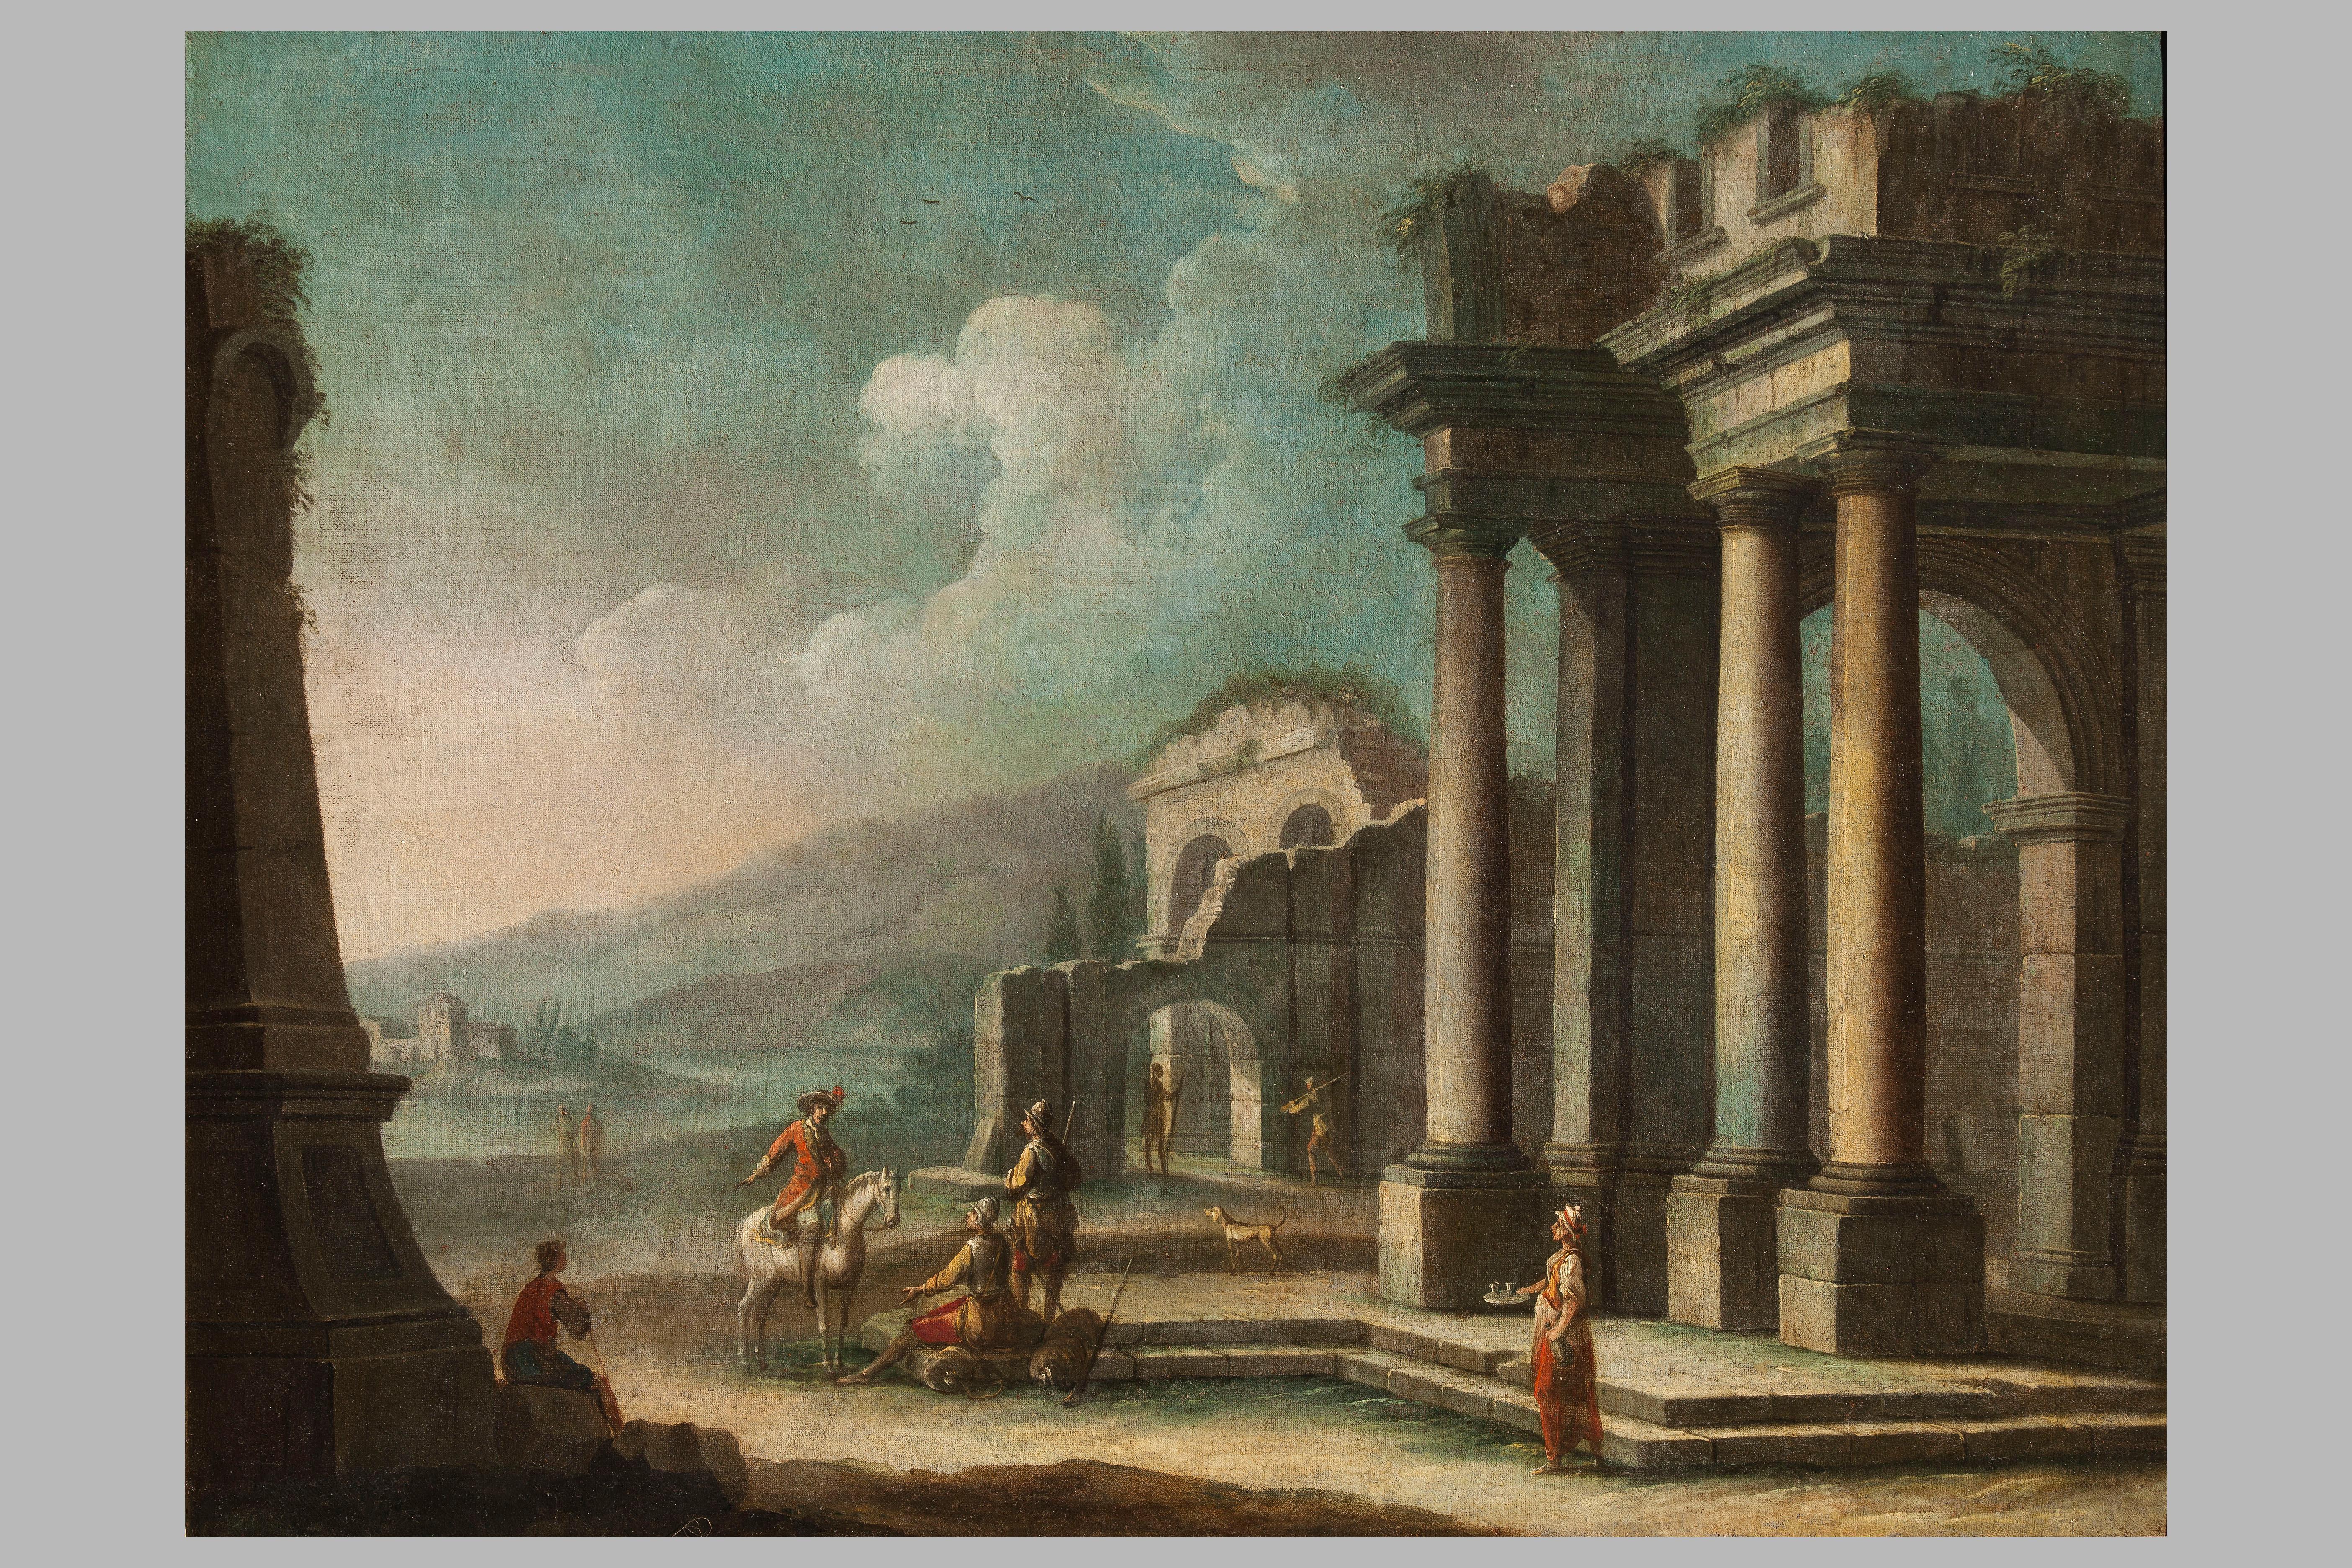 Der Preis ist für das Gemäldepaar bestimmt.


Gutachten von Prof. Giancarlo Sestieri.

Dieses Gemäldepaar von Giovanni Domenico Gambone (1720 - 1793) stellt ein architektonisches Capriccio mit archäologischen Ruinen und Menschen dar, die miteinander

DIRECTIONS FOR THIS TASK – Copy out the whole listing exactly, and don't carry over any pictures.

YOUR RESPONSE –
 Der Preis ist für das Gemäldepaar bestimmt.


Gutachten von Prof. Giancarlo Sestieri.

Dieses Gemäldepaar von Giovanni Domenico Gambone (1720 - 1793) stellt ein architektonisches Capriccio mit archäologischen Ruinen und Menschen dar, die miteinander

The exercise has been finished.